Automated Toolmaking System Accelerates Development for Leading Medical Device Solution Provider
Imagine if a medical device development team could essentially de-risk early development work when bringing a new device to market? How much time could you save and risk could you minimize if you could prototype your product with a production-grade injection molding tool — without the long lead times and high costs typically associated with production tooling?
In a recent webinar hosted by Medical Product Outsourcing, Luke Thiele, Engineering Manager, Spectrum Plastics Group, a DuPont Business, and Ethan Rejto, Director of Marketing, Mantle Inc., discuss how this wishful thinking has become a reality. With the help of Mantle’s automated toolmaking technology, Spectrum is now able to print fast tooling to represent final production processes with H13 tool steel at a rate that is 40 percent faster than traditional toolmaking processes. The innovation doesn’t stop there. Spectrum will soon expand its capabilities to include printing stainless steel for tooling, opening new possibilities for even more durable, corrosion-resistant tools tailored to demanding medical manufacturing environments. And that translates into faster time-to-market for Spectrum’s customers.
Steel tooling is the standard for producing parts in final production due to its durability and precision, but it is expensive and time-consuming to fabricate. This limits its use in early development stages. Instead, teams typically turn to plastic 3D printing, plastic machining, or aluminum prototype tooling to create prototype parts. However, these methods differ from the steel tooling used in final production, and can therefore introduce risks that may compromise part performance and manufacturability during final production.

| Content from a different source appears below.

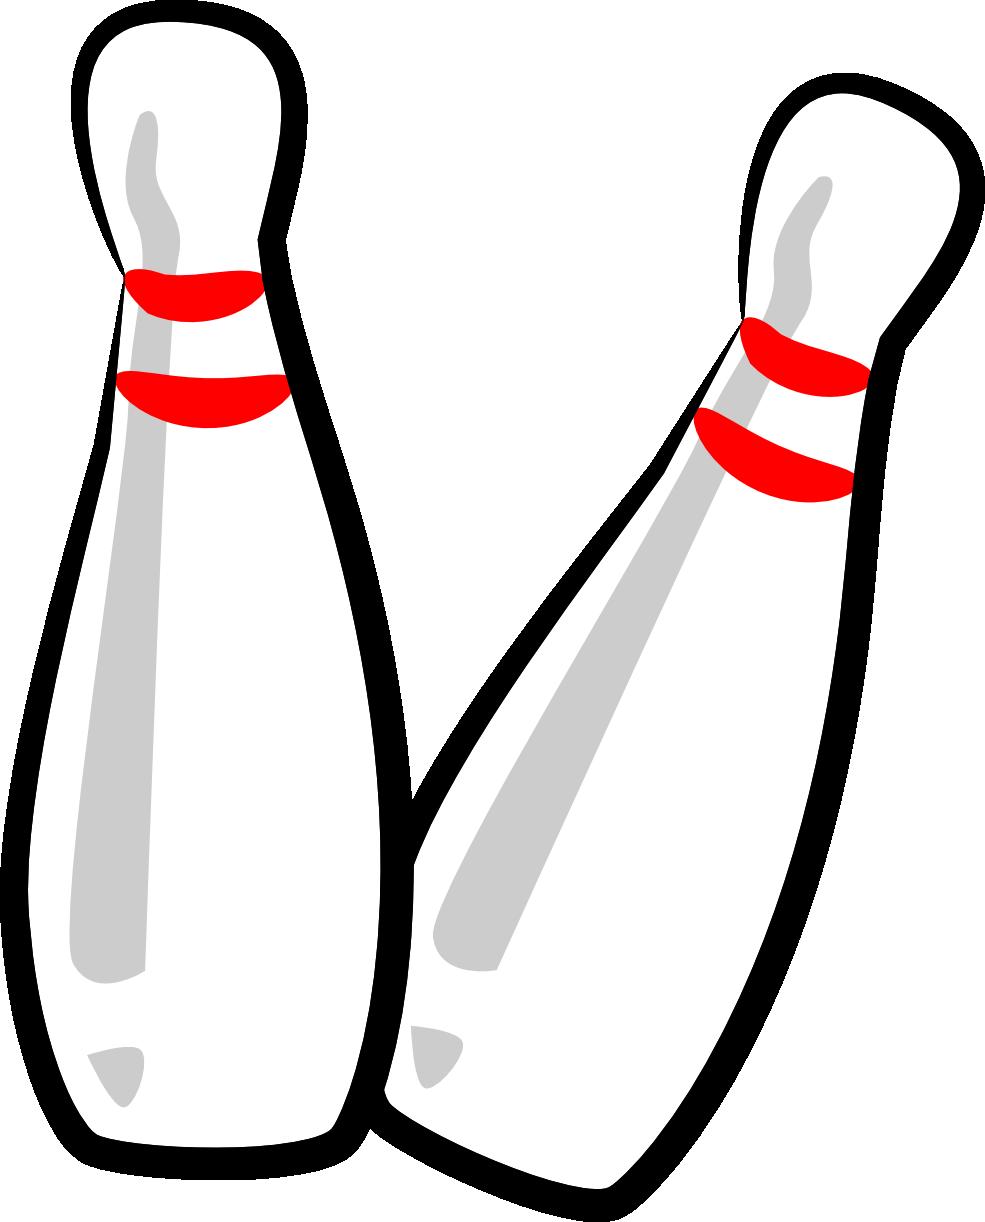 Retro clipart bowling pin #2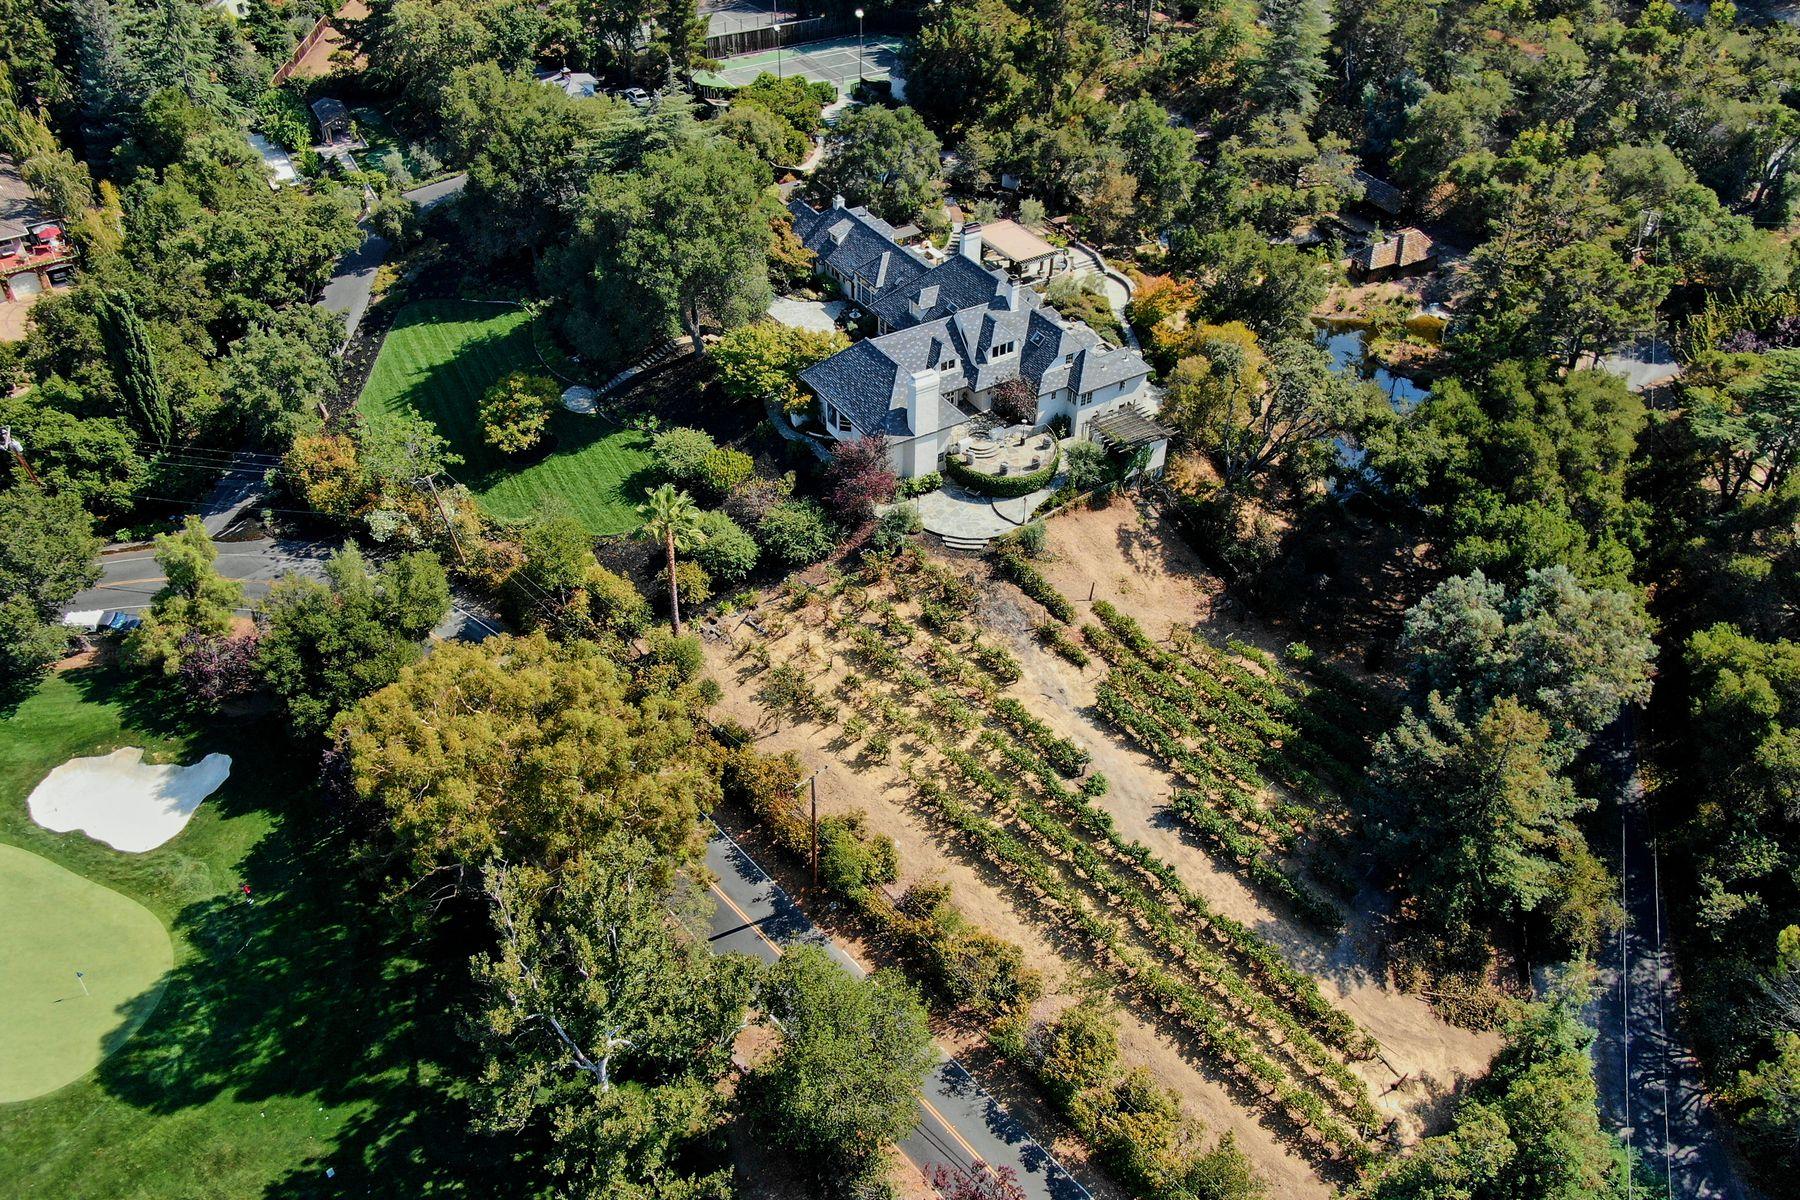 Land for Sale at Los Altos Country Club Parcel 680 Loyola Dr Vineyard Lot Los Altos, California 94024 United States

Spectrum saw a solution to this challenge and the potential for huge savings by introducing steel tooling early in the development process. If engineers could validate end-use material with production grade tooling, as well as validate the manufacturing process, they could save their customers weeks to months of precious time. As a full-service provider for the development and manufacturing of critical polymer-based components and finished devices for medical and other demanding applications, finding ways to eliminate costly and time-consuming steps throughout the development process is a top priority for Spectrum. But this medical device manufacturer needed a partner to help remove the most time-consuming and expensive steps of a tool build. And this partner would have to be able to produce metal tooling that could excel at handling the intricate shapes, designs, and dimensional requirements of its customers’ medical devices. 
Image: Conventional toolmaking vs. toolmaking with Mantle’s technology
That’s why Spectrum turned to Mantle Inc., the only solution provider today that offers metal 3D printing explicitly built for precision tooling. Mantle’s printer automates the production of precision tooling and delivers the accuracy, finish, and steel properties required for demanding tooling applications. Tools made with Mantle have molded millions of parts while reducing lead times, cutting costs, and solving labor shortages.
Mantle’s 3D printer prints, shapes, and sinters precision parts from a CAD file at a fraction of the time and cost of conventional manufacturing. Conventional precision part manufacturing is a lengthy process involving many complex steps, and existing metal 3D printing technologies produce rough, poor- tolerance parts that require costly and time-consuming post-processing. Mantle’s solution eliminates these steps and produces precision parts by combining both rough part creation and precision finishing into a single hybrid process:
1. The process starts with Mantle’s patented flowable metal pastes (FMPs). Metal particles are suspended in a liquid carrier to ensure safe handling and uniform particle distribution.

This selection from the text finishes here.